Agencies are getting bigger and companies may be willing to spend more, but profit margins are getting smaller. Revenues spent on cost of goods and operating expenses each increased by 5%. This results in a pre-tax net profit of 17%. This number used to be as high as 35%.
There are two main reasons for this change. First of all, inflation is a big problem. Forbes reports that prices remain at least 20% higher across the board than they were two years ago. The inflation situation for UK marketing agencies is quite similar, if not worse.
Then there's salary pressure. To deal with this pressure, government agencies are using offshoring (relocating certain business processes to countries where labor is more affordable) and nearshoring (similar to offshoring, but where processes are moved to a neighboring country). ) can be considered. It is especially popular with large agencies and agencies of large companies.

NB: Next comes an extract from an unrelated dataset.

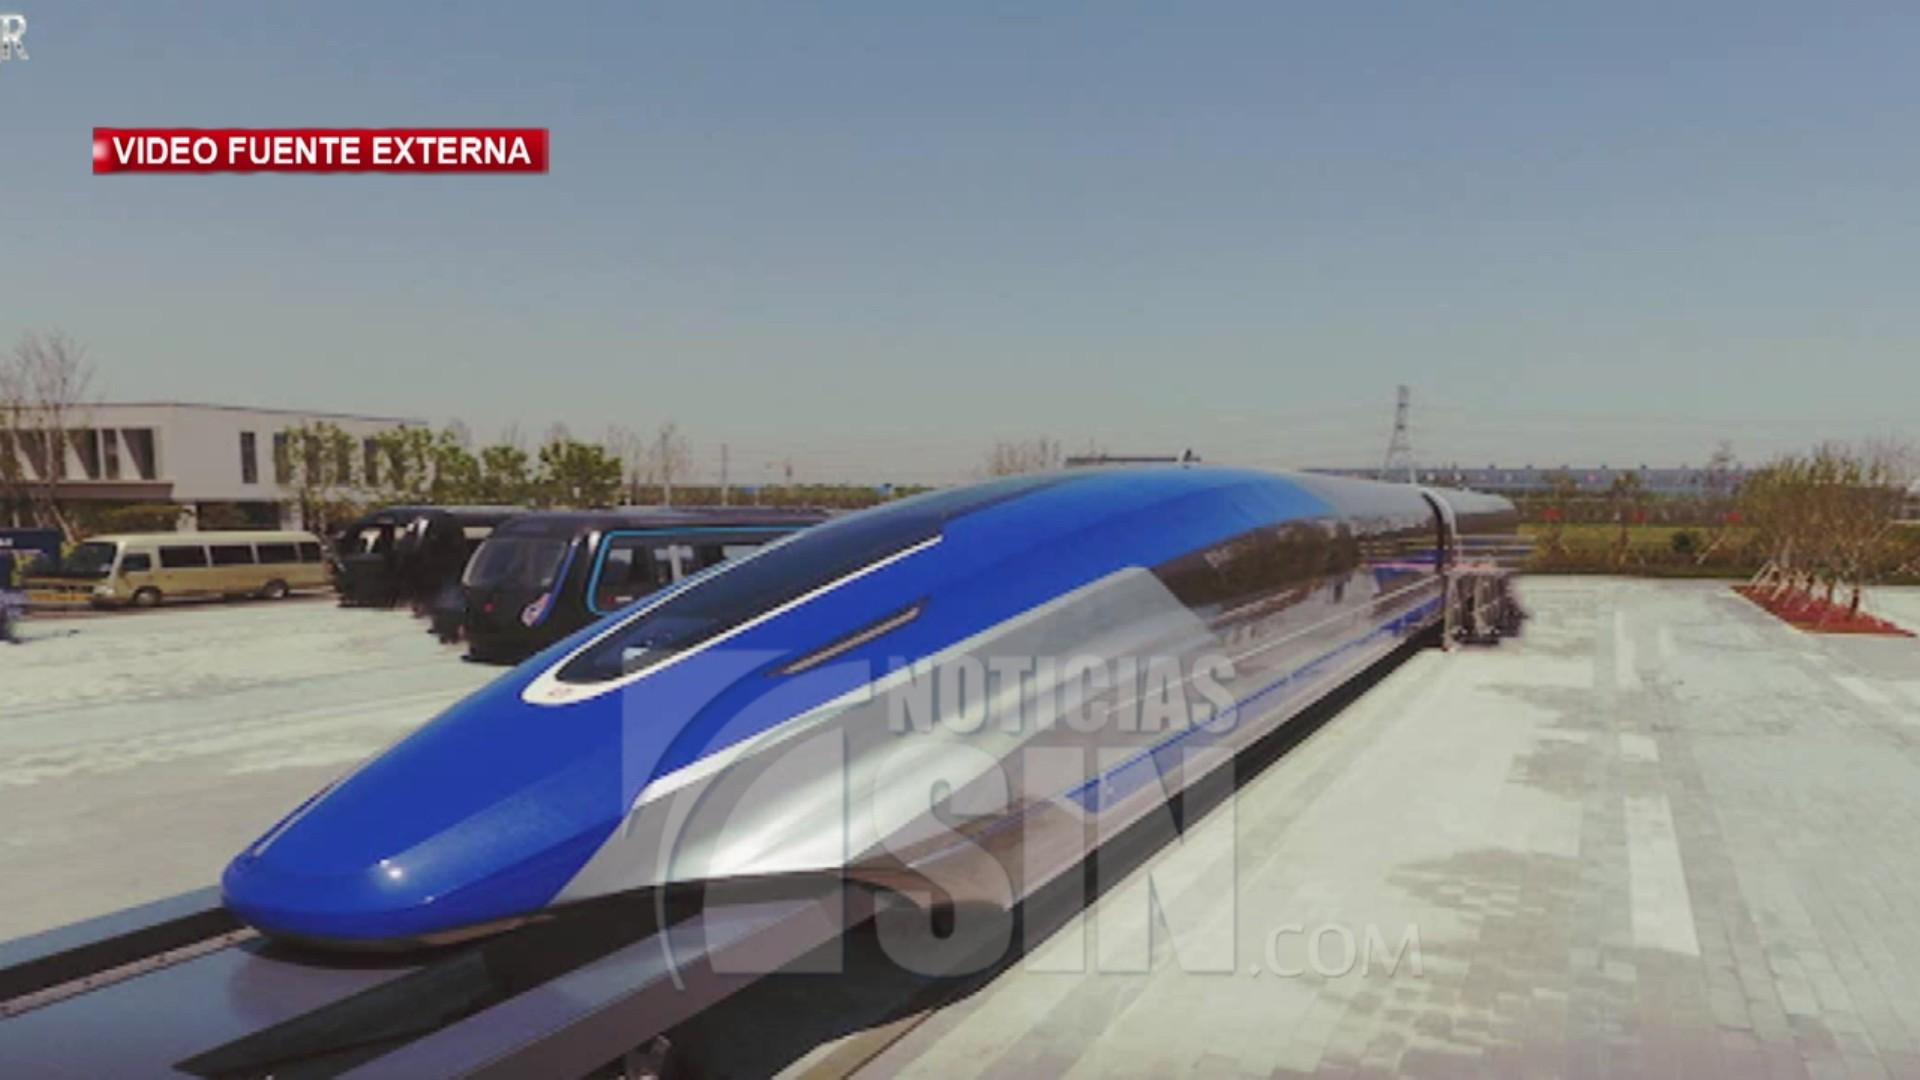 Presenta en China un modelo de tren bala que podrá alcanzar la velocidad de 600 km

In addition to considering offshoring and nearshoring, staying up to date with new features can also help move the needle in the right direction. The Digital Agency Industry Report 2023 found that brands have recently placed more emphasis on building their own in-house teams. But for now, new technologies like AI are creating new capabilities faster than companies can build internal teams.
Important points
A clear pricing model is key. That being said, some flexibility should be included.
Leave room for customization.
You can also apply multiple pricing models. For example, you can charge a fixed fee for a large portion of your project. Hourly rates can then be used for additional services.
But if you want to stay relevant, you can do more than just offer standard services. Consider including services centered around AI and customer experience that your company's internal marketing team may not yet have experience with or simply don't have enough data on.